I am a bit frustrated right now. I wanted to double check my DESEQ2 Differential Expression (RNA SEQ) results in Limma and now I am getting different results. I dont know what I did differently that the results are so different. I am here interested in the difference in Gender: Male vs. Female.

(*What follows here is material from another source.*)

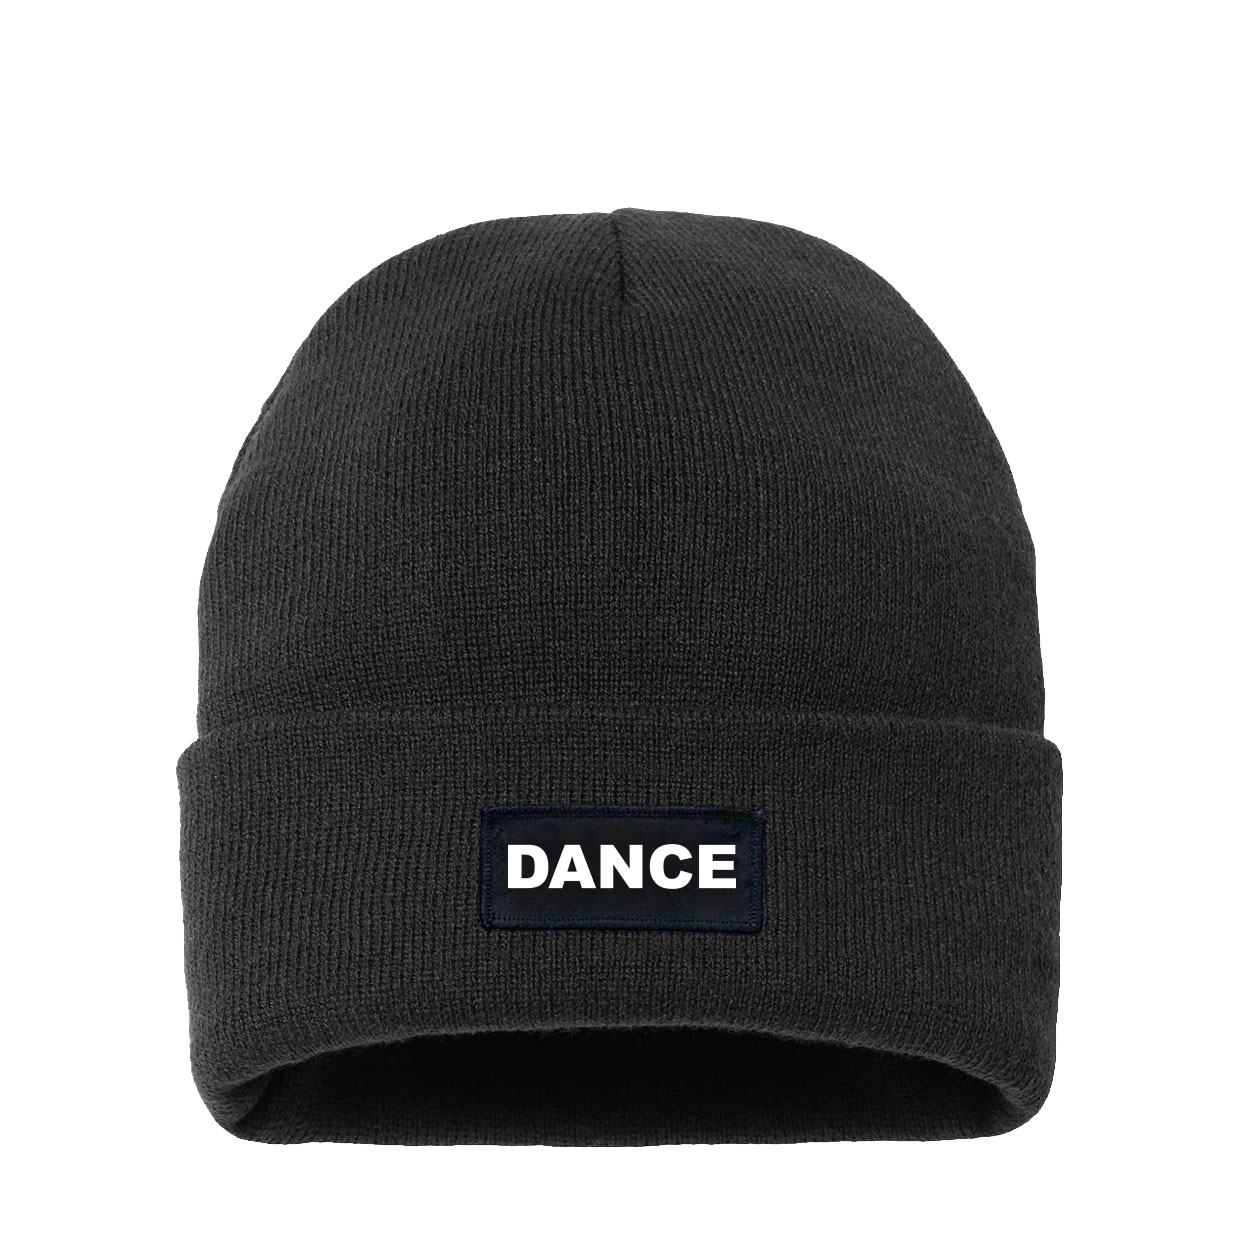 Dance Brand Logo Night Out Woven Patch Night Out Sherpa Lined Cuffed Beanie Black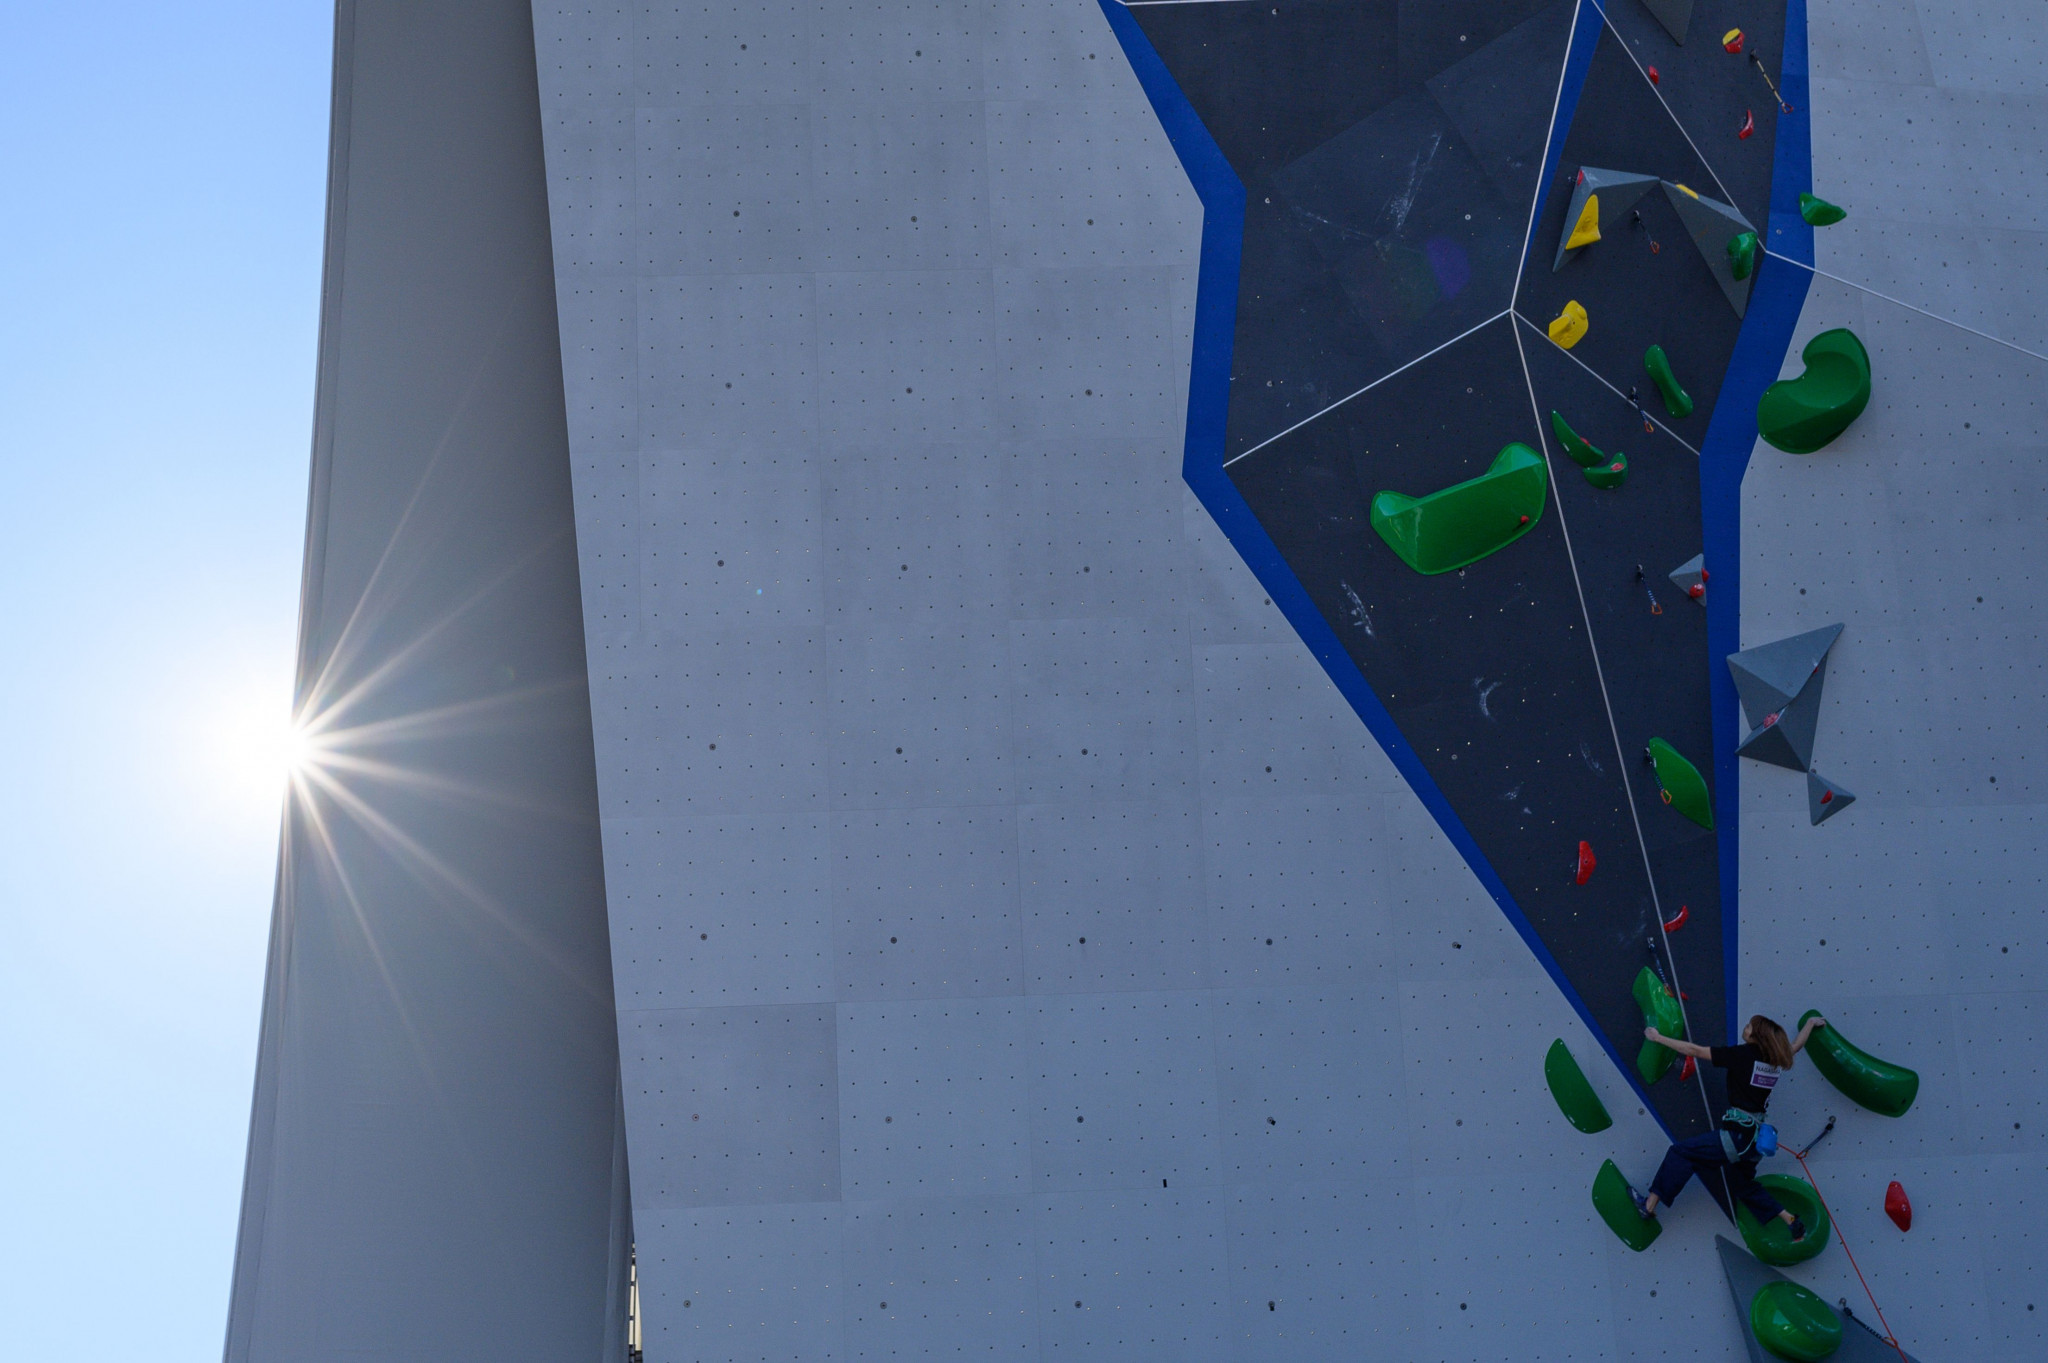 Copar and Kume win women's lead titles at IFSC Youth World Championships

Please find below the relevant part of the two different approaches, if you can see any obvious difference I would be very happy:

DESEQ2:

dds0 <- DESeqDataSetFromMatrix(countData = cts,
colData = colData,
design = ~ batch + AGE.GROUP + Sample.Site + BMI.Tertile + Diagnosis +  Gender)


......

# Second approach for filtering
### Set thresholds

lfc.cutoff <- 1.2


Limma:

design = model.matrix( ~ batch + AGE.GROUP + Sample.Site + BMI.Tertile + Diagnosis +  Gender, metadata)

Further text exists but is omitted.